Eight years ago a machine learning algorithm learned to identify a cat—and it stunned the world. A few years later AI could accurately translate languages and take down world champion Go players. Now, machine learning has begun to excel at complex multiplayer video games like Starcraft and Dota 2 and subtle games like poker. AI, it would appear, is improving fast.
But how fast is fast, and what’s driving the pace? While better computer chips are key, AI research organization OpenAI thinks we should measure the pace of improvement of the actual machine learning algorithms too.
In a blog post and paper—authored by OpenAI’s Danny Hernandez and Tom Brown and published on the arXiv, an open repository for pre-print (or not-yet-peer-reviewed) studies—the researchers say they’ve begun tracking a new measure for machine learning efficiency (that is, doing more with less). Using this measure, they show AI has been getting more efficient at a wicked pace.
To quantify progress, the researchers chose a benchmark image recognition algorithm (AlexNet) from 2012 and tracked how much computing power newer algorithms took to match or exceed the benchmark. They found algorithmic efficiency doubled every 16 months, outpacing Moore’s Law. Image recognition AI in 2019 needed 44 times less computing power to achieve AlexNet-like performance.

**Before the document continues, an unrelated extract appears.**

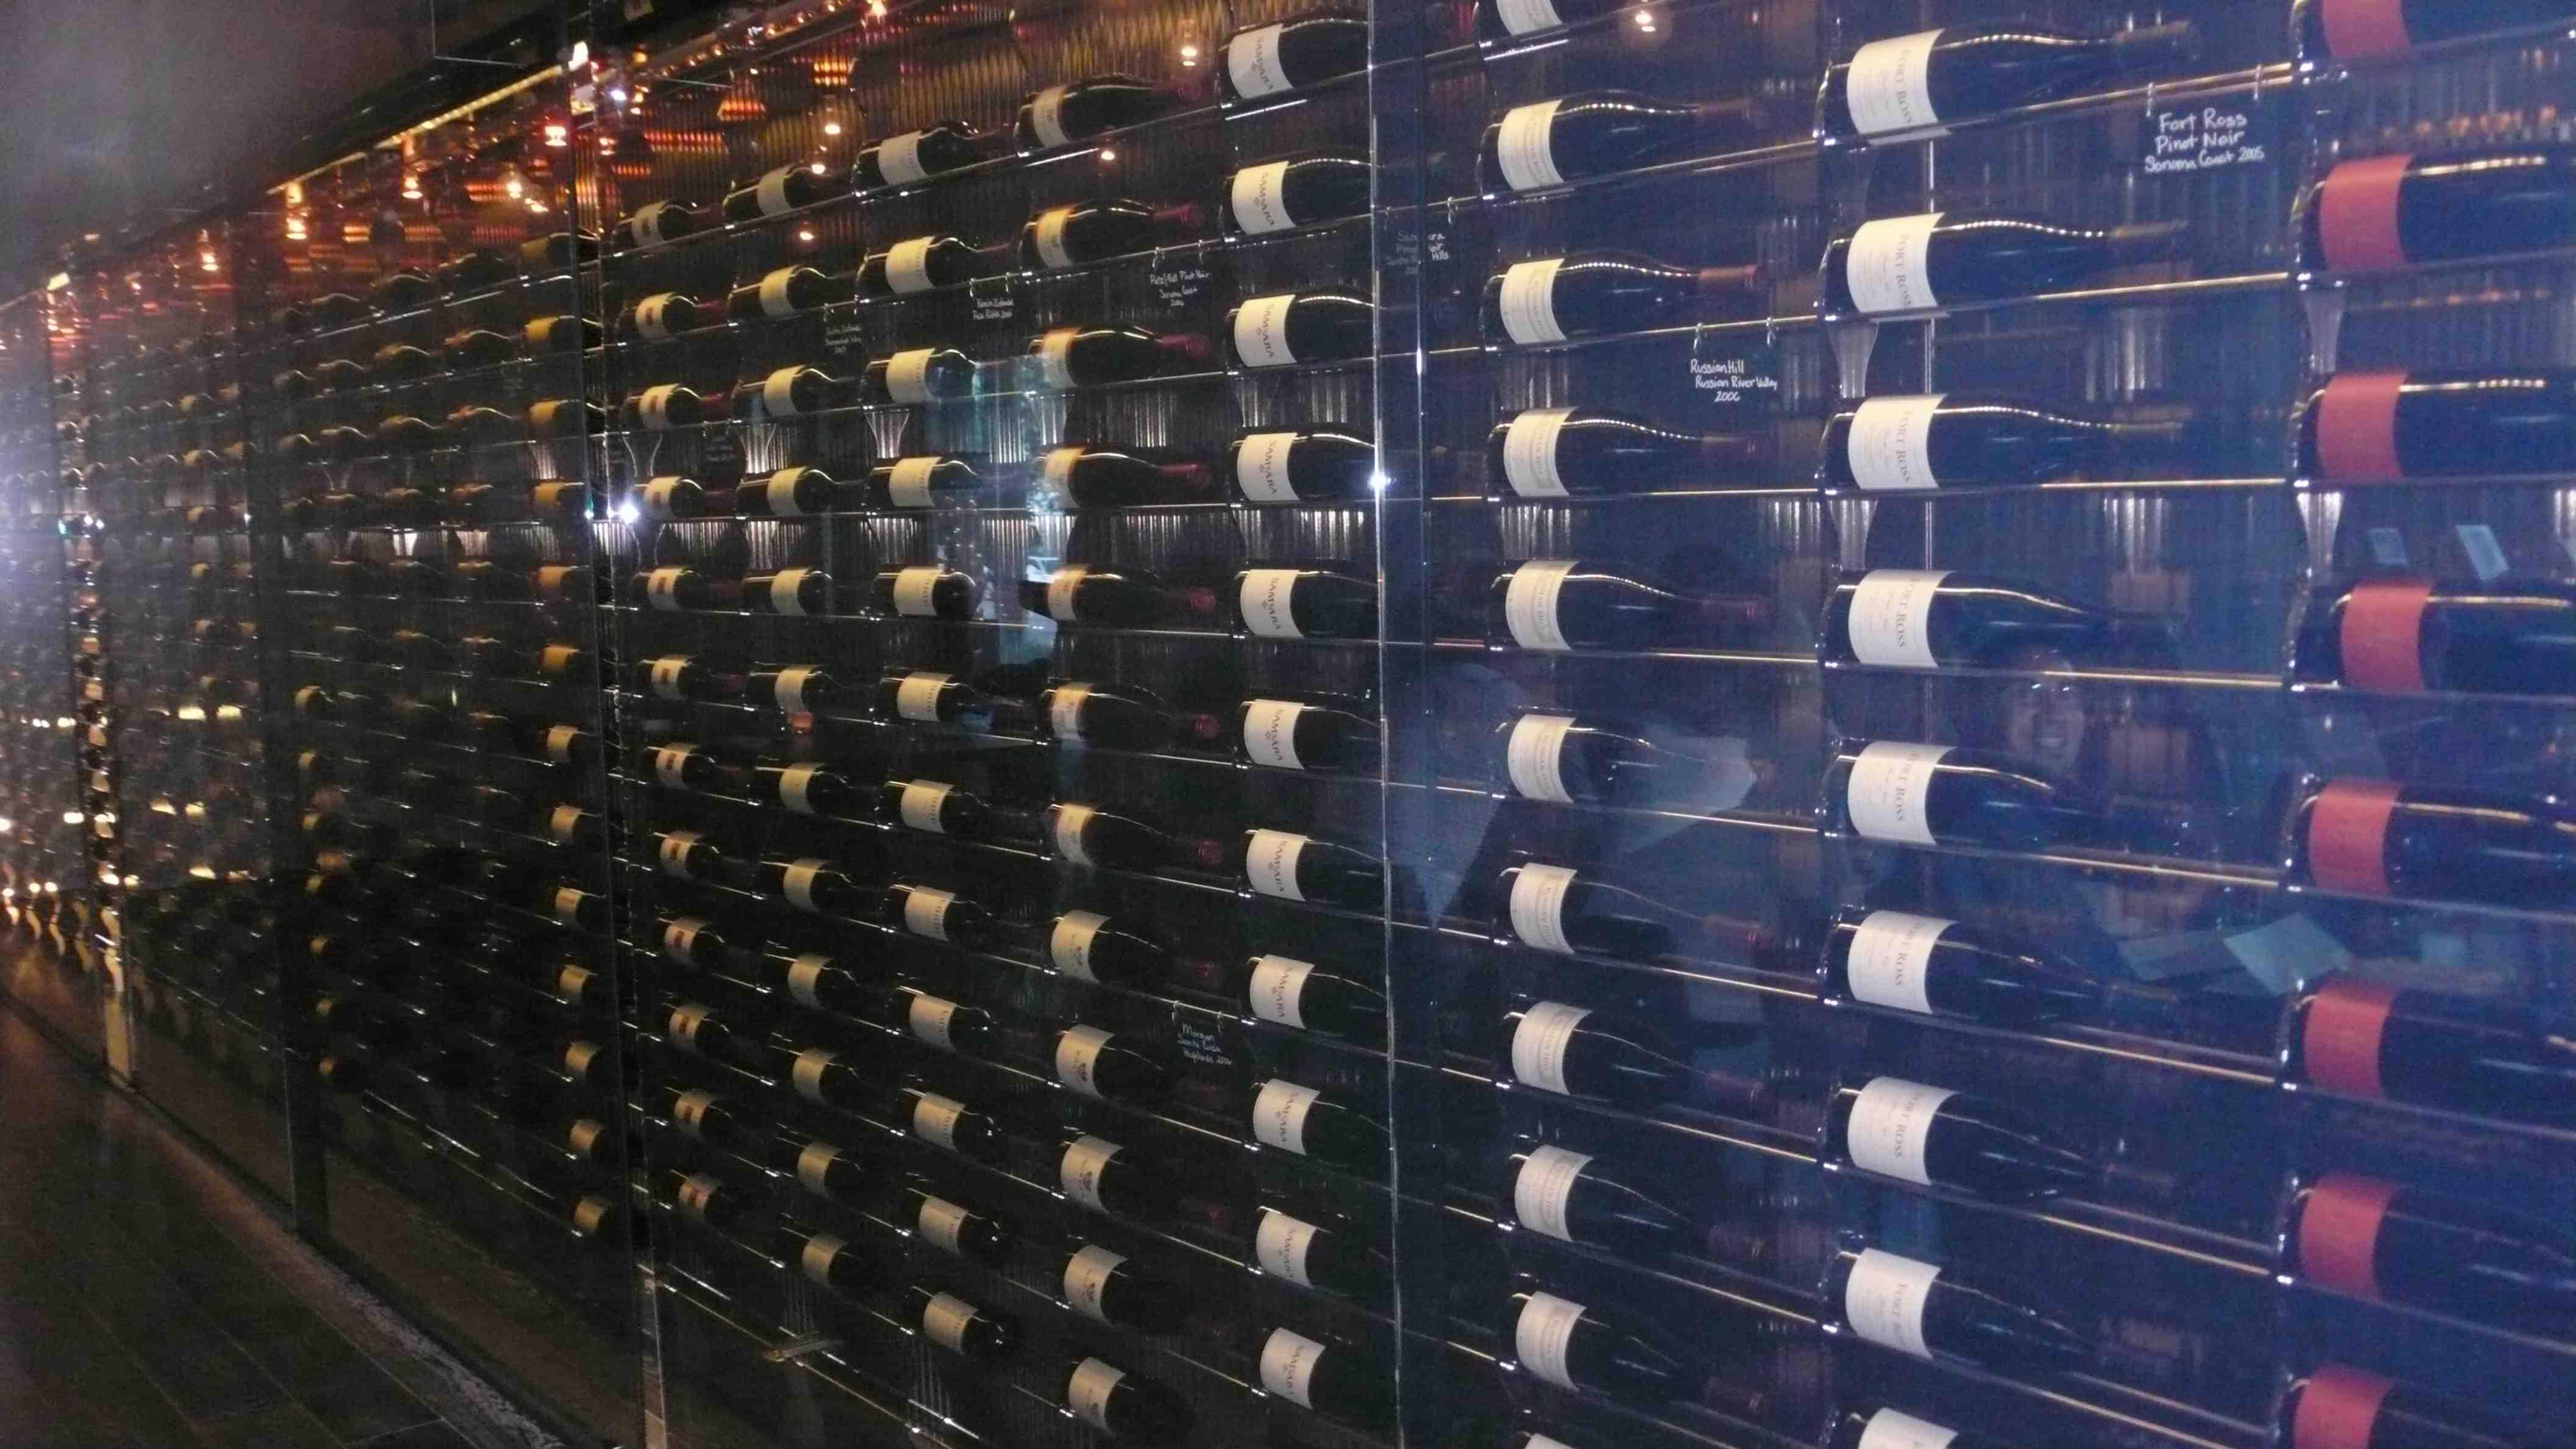 Open wine cellar

Total amount of compute in teraflops/s-days used to train to AlexNet level performance. Lowest compute points at any given time shown in blue. All points measured shown in gray. Image and caption: OpenAI
Though there are fewer data points, the authors found even faster rates of improvement over shorter periods in other popular capabilities such as translation and game-playing.
The Transformer algorithm, for example, took 61 times less computing power to surpass the seq2seq algorithm at English to French translation three years later. DeepMind’s AlphaZero required eight times less compute to match AlphaGoZero at the game of Go only a year later. And OpenaAI Five Rerun used five times less computing power to overtake the world-champion-beating OpenAI Five at Dota 2 just three months later.

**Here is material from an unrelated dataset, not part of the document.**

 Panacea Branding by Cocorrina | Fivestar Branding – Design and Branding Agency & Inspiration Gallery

A Moore’s Law for Machine Learning
Why track algorithmic efficiency? The authors say that three inputs drive progress in machine learning: available computing power, data, and algorithmic innovation. Computing power is easier to track, but improvements in algorithms are a bit more slippery.
Is there a kind of algorithmic Moore’s Law in machine learning? Maybe. But there’s not enough information to say yet, according to the authors.
Their work only includes a few data points (the original Moore’s Law chart similarly had few observations). So any extrapolation is purely speculative. Also, the paper focuses on just a handful of popular capabilities and top programs. It’s not clear if the observed trends can be generalized more widely.
That said, the authors say the measure may actually underestimate progress, in part because it hides the initial leap from impractical to practical. The computing power it would have taken to reach a benchmark’s initial ability—say, AlexNet in image recognition—for prior approaches would have been so large as to be impractical. The efficiency gains to basically go from zero to one, then, would be staggering, but aren’t accounted for here.
The authors also point out other existing measures for algorithmic improvement can be useful depending on what you’re hoping to learn. Overall, they say, tracking multiple measures—including those in hardware—can paint a more complete picture of progress and help determine where future effort and investment will be most effective.
The Future of AI
It’s worth noting the study focuses on deep learning algorithms, the dominant AI approach at the moment. Whether deep learning continues to make such dramatic progress is a source of debate in the AI community. Some of the field’s top researchers question deep learning’s long-term potential to solve the field’s biggest challenges.
In an earlier paper, OpenAI showed the latest headline-grabbing AIs require a rather shocking amount of computing power to train, and that the required resources are growing at a torrid pace. Whereas growth in the amount of computing power used by AI programs prior to 2012 largely tracked Moore’s Law, the computing power used by machine learning algorithms since 2012 has been growing seven times faster than Moore’s Law.
This is why OpenAI is interested in tracking progress. If machine learning algorithms are getting more expensive to train, for example, it’s important to increase funding to academic researchers so they can keep up with private efforts. And if efficiency trends prove consistent, it’ll be easier to anticipate future costs and plan investment accordingly.
Whether progress continues unabated, Moore’s-Law-like for years to come or soon hits a wall remains to be seen. But as the authors write, if these trends do continue on into the future, AI will get far more powerful still, and maybe sooner than we think.